Con el fijador de objetivos láser marcó la mediana del obelisco, clavó el codo derecho en la tierra y sujetó con fuerza el lanzagranadas, apoyó la parte delantera en unas pequeñas patas desplegables, tiró de la anilla de seguridad del proyectil, abrió las piernas para conseguir estabilidad, se rascó la nariz y se colocó en posición de disparo.
- Cuando quieras.
- Fuego –dijo Utengue sin inmutarse-.
Chispas y olor a pólvora prensada. El fuerte golpe de retroceso del arma propinó un instantáneo dolor a su portador, y una indescriptible satisfacción al ordenante que miraba como el proyectil emergía desde el interior del mortífero tubo e iniciaba su trayectoria hacia su objetivo, creando una caracola de humo tupido y blanco que se difuminaba en las rayas oscuras de la noche.
- ¿Qué demonios es ese ruido? –advirtió Ryo girándose-.
No tuvieron tiempo para reaccionar.
Todos agacharon la cabeza excepto el anciano. Has tenido la osadía de mandar a tus perros hasta aquí –dijo en voz baja- admito que esta vez no me lo esperaba.
En un abrir y cerrar de ojos, el proyectil impactó contra la dura superficie del monumento convirtiendo su estructura central en un montón de polvo y escombros que se desperdigaron hacia todas direcciones, creando una burbuja de niebla astillosa; la parte inferior se inclinó a causa de la onda expansiva, levantando parte del suelo donde se encontraba sumergida y balanceando a Ryo y los suyos.
- ¡Fuera de aquí! –gritó Hiro-.
Alejandro y Tom agarraron al anciano y le protegieron de los trozos que caían desde lo alto como lluvia de chatarra. Selma miró hacia arriba y vio como la parte superior se iba a desplomar como un árbol talado, y se abalanzaría sobre ellos sin poder escapar del impacto.
- Por aquí –indicó Eva-.
Más por instinto que por conocimiento, se apartaron corriendo y agachados. Cuando Rajid se giró para asegurarse que habían tenido suerte, el trozo del obelisco restante, que pesaba varias toneladas, tocaba el suelo y levantaba la tierra, el césped y todo lo que se encontraba a su alrededor. Por un instante sintieron el rugir del suelo y casi pierden el equilibrio, pero se sujetaron entre ellos y consiguieron alejarse sin sufrir graves daños.
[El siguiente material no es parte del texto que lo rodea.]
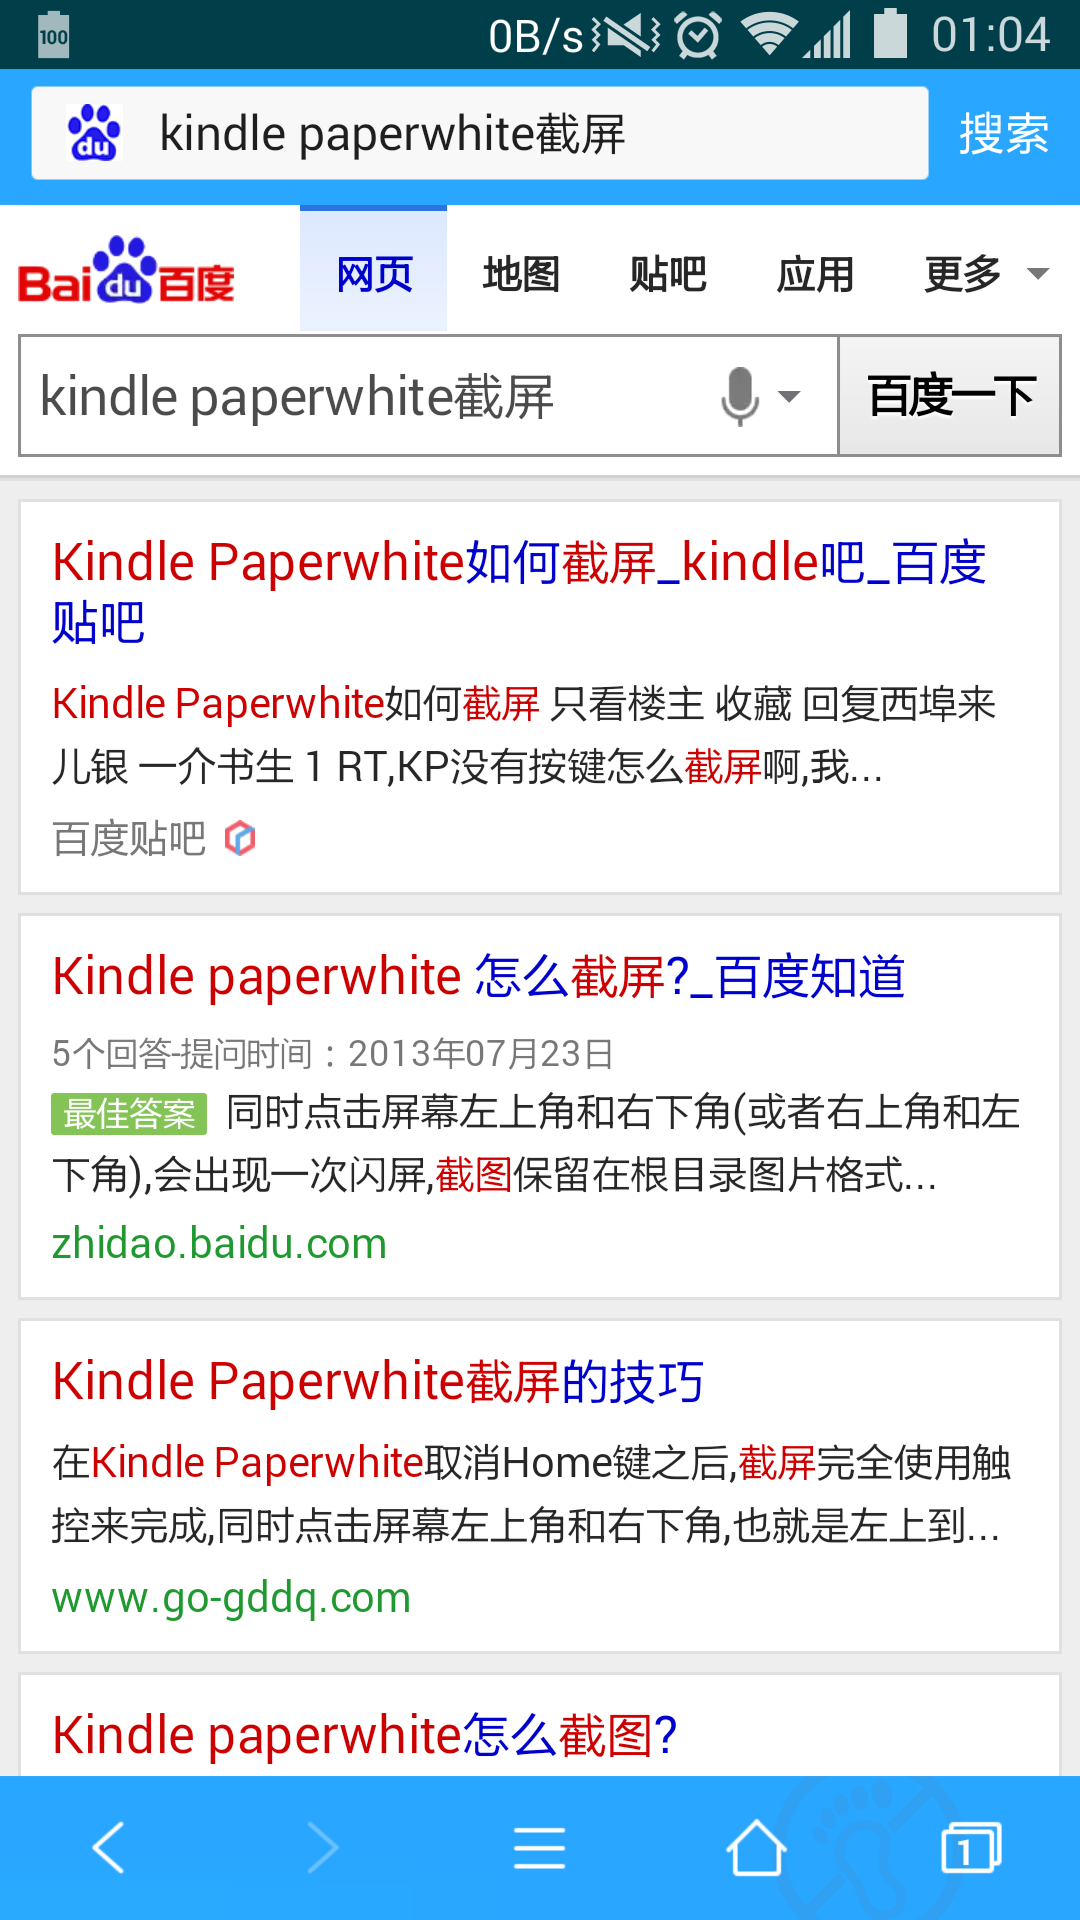 Kindle Paperwhite 如何截屏? - Kindle Paperwh

- Que comience la parte número dos –indicó Robert por teléfono-.
Utengue asintió y colgó.
- ¡Fuego!
Seis soldados apostados a su derecha abrieron fuego con sus fusiles M-16 alimentados con munición de punta hueca para hacer más ruido que daño.
- Nos están disparando –dijo Selma-.
- Debemos dirigirnos hacia esa casita de allí –exclamó el anciano-.
- Pero…
- Nada de peros. Es nuestra única salida.
Las balas impactaban por los alrededores, silbaban entre las hojas y crujían sobre los troncos que sangraban savia. Aunque no se acercaban a ellos.
- ¡Rápido! Echad la puerta abajo –ordenó el anciano-.
La caseta no mediría ni cinco metros cuadrados. Hiro pensó que se trataba de la ratonera perfecta y que no tardarían mucho en lanzar una granada hacia ellos y entonces todos y todo se irían al garete.
- Sólo he traído mi pistola –dijo Tom-.
- Nos hemos dejado la mayoría de nuestras armas en la mansión –añadió Selma-.
- ¡Eso no importa! –exclamó Ryo-.
Desenvainó su espada e inclinó su cuerpo hacia atrás y a la derecha; resopló y se concentró, giró la muñeca unos cuarenta y cinco grados hacia dentro; gritó, se inclinó y asestó un fuerte golpe al candado de la puerta gris partiéndolo en dos.
- ¡Deprisa!
Una vez dentro los disparos dejaron de acosarles. El miedo embargó sus cuerpos ya que nos les cabía ni la menor duda de que pronto les sacarían de allí a base de fuego y plomo. Se trataba de una solución demasiado temporal.
- ¿Qué hacemos ahora? –preguntó Rajid-.
- Saldré fuera y negociaré con ellos. No tenemos armas ni donde escondernos así que lo mejor será entregarles los amuletos y vivir otro día –contestó Ryo-.
- Sabes que no me gusta la idea de rendirme –dijo Hiro-.
- Y no será necesario –interrumpió el anciano-.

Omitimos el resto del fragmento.